The main computer relay is responsible for supplying power to the Powertrain Control Module (PCM). The PCM is the primary computer that controls the operation of the engine, transmission, emission control system, starting system, and charging system. Other systems not directly related to emissions have some amount of PCM control.

Several symptoms are possible whenever a PCM relay starts to fail.

1. Intermittent no-crank or no-start condition

It is possible for a relay to fail intermittently. This creates a condition where the engine may crank but not start. It can also prevent the engine from cranking at all. The PCM has no power to energize the fuel injection system and the ignition system, which leads to the no-start condition. At other times, the engine will start and run normally. The most common cause of an intermittent relay failure is an open circuit inside the relay itself, usually from open soldered joints.

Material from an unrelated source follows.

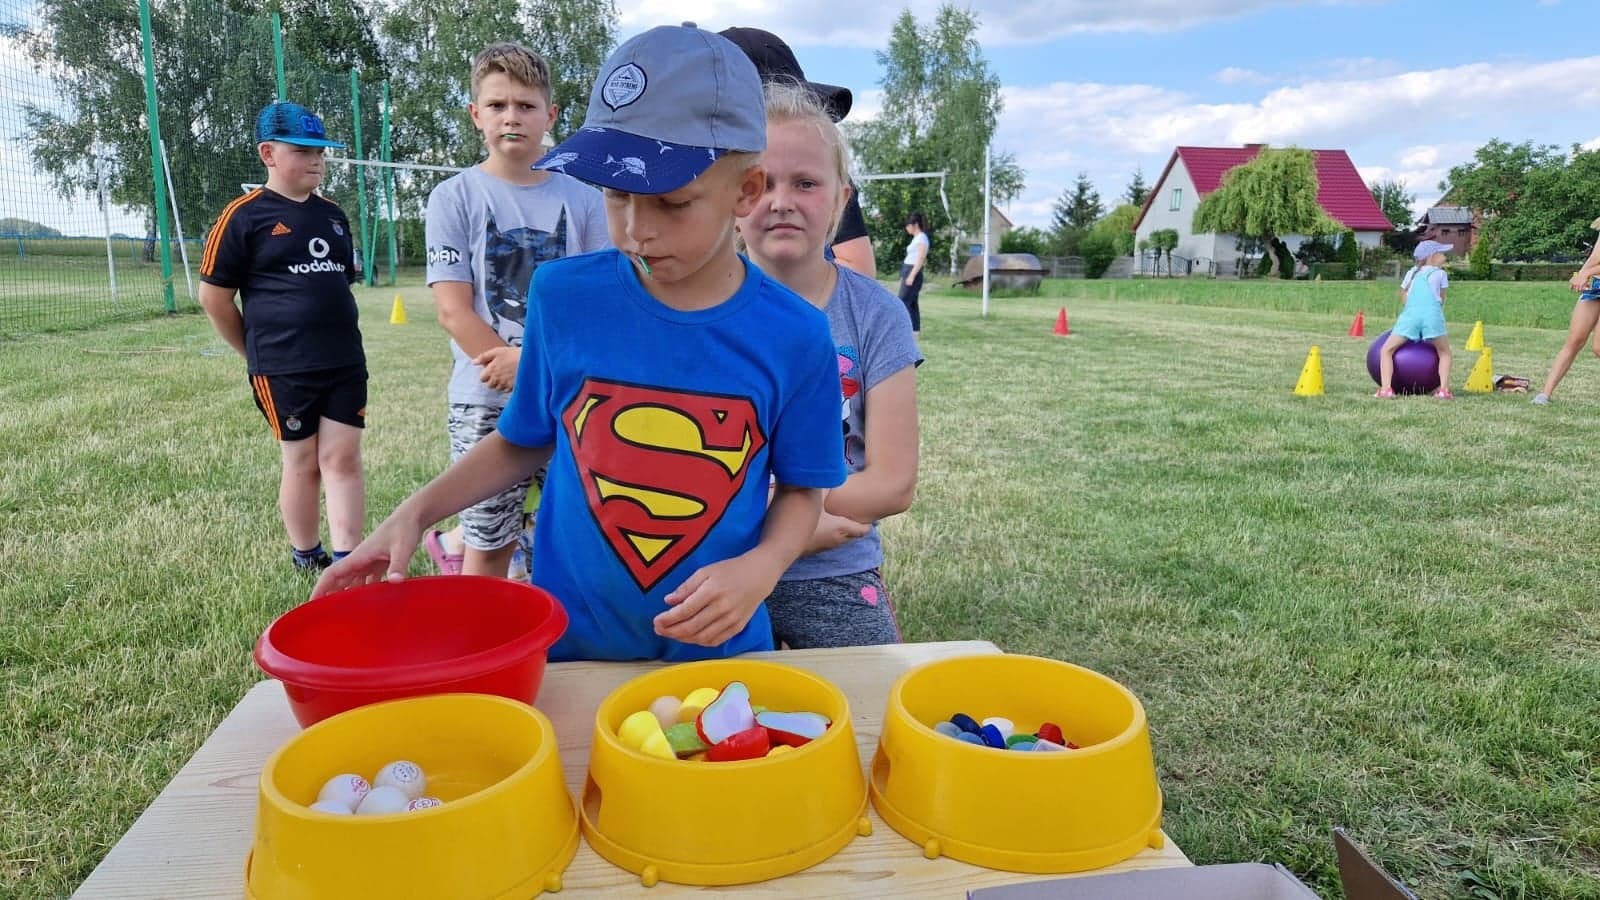 chłopiec w niebieskiej koszulce ze znaczkiem supermena segreguje owoce plastikowe, nakrętki i piłeczki do ping ponga do żółtych 3 misek

2. Engine not cranking or starting at all

When the PCM relay has failed completely, the engine will either not crank or not start at all. The PCM isn’t the only possible cause of a no-crank/no-start, however. Only a trained technician like those at YourMechanic would be able to determine what the actual cause is.

3. No scan tool communication with PCM.

A failed PCM relay will not allow the PCM to power up. When this happens, the PCM will not be able to communicate with any diagnostic scan tool. For a technician, not being able to communicate with the PCM increases the complexity of diagnosis.

If the relay has failed, it needs to be replaced.